In Denmark, where rates have been below zero longer than anywhere else on the planet, the private sector is saving more than it did when rates were positive (before 2012). Private investment is down and the economy is in a “low-growth crisis,” to quote Handelsbanken. The latest inflation data show prices have stagnated.

Denmark uses negative rates to defend the krone’s peg to the euro.

Denmark uses negative rates to defend the krone’s peg to the euro.

As the Danes head even further down their negative-rate tunnel, the experiences of the Scandinavian economy may provide a glimpse of what lies ahead for other countries choosing the lesser known side of zero.

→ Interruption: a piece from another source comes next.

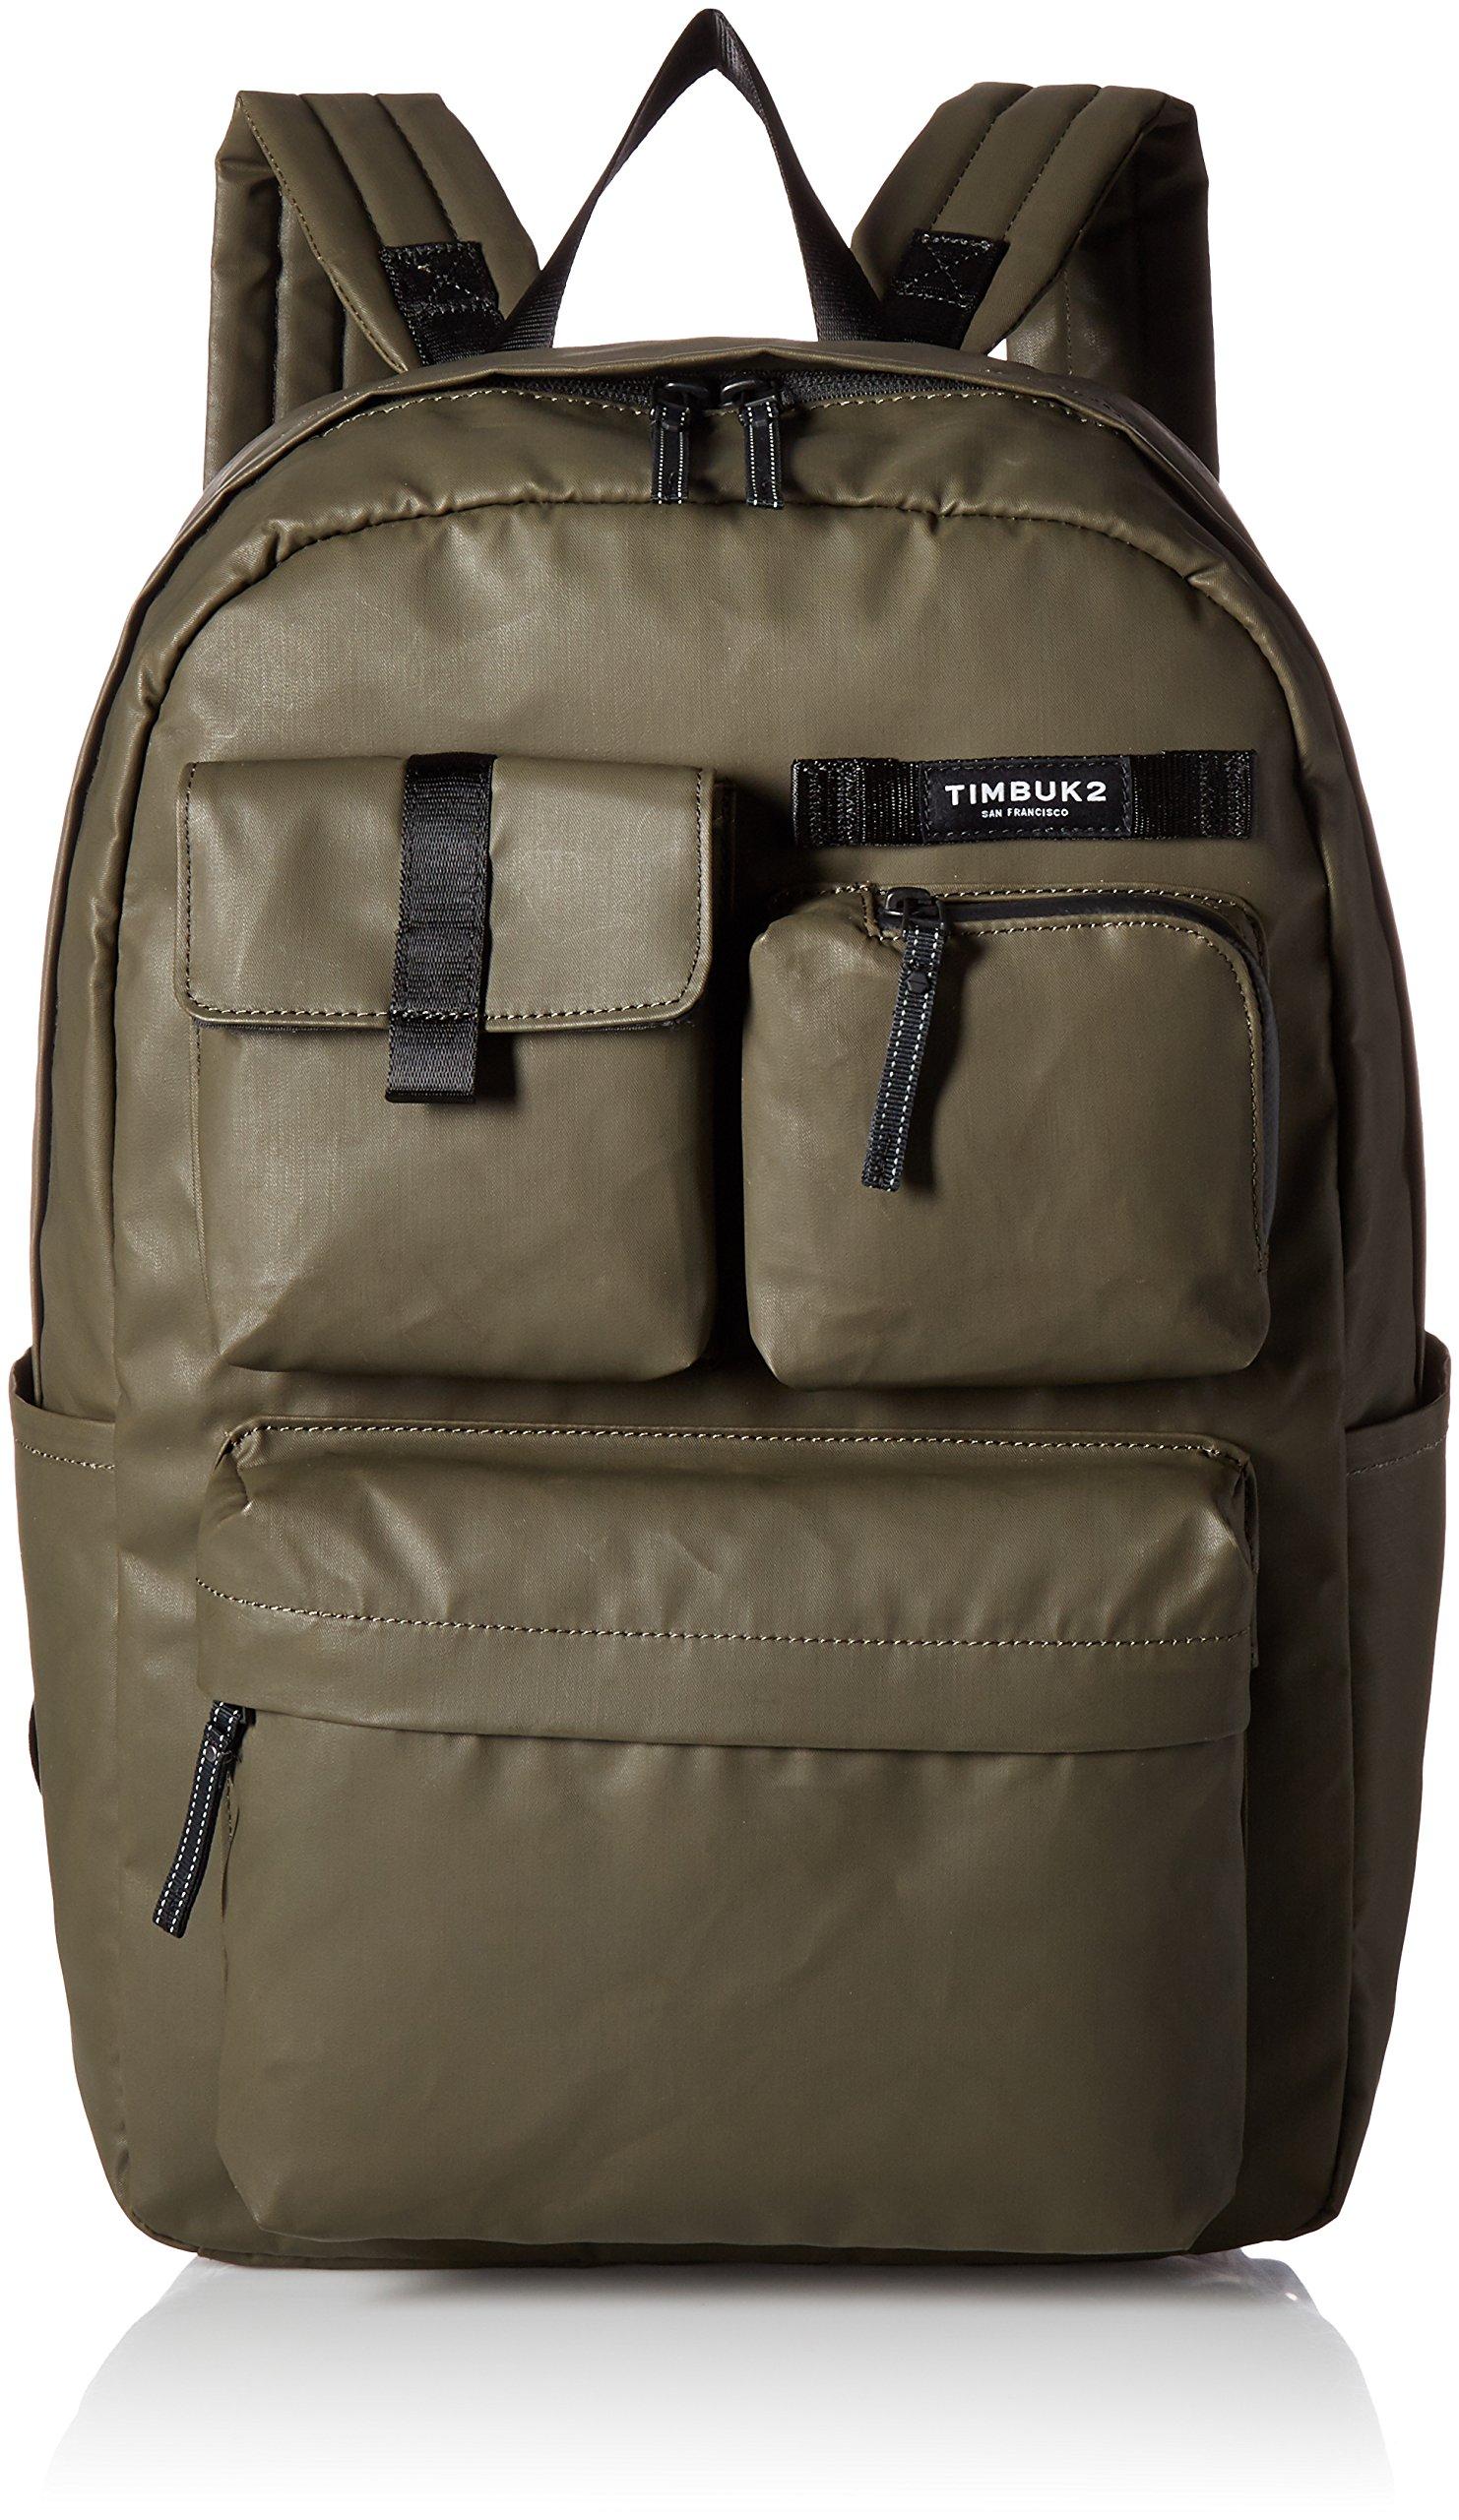 Timbuk2 Ramble Pack Twill, OS, Mud, One Size

Denmark has about $600 billion in pension and investment savings. The people who help oversee those funds say the logic of cheap money fueling investment doesn’t hold once rates drop below zero. That’s because consumers and businesses interpret such extreme policy as a sign of crisis with no predictable outcome.

“Negative rates are counter-productive,” said Kasper Ullegaard, head of fixed-income overseeing more than $15 billion at Sampension in Copenhagen. The policy “makes people save more to protect future purchasing power and even opt for less risky assets because there’s so little transparency on future returns and risks.”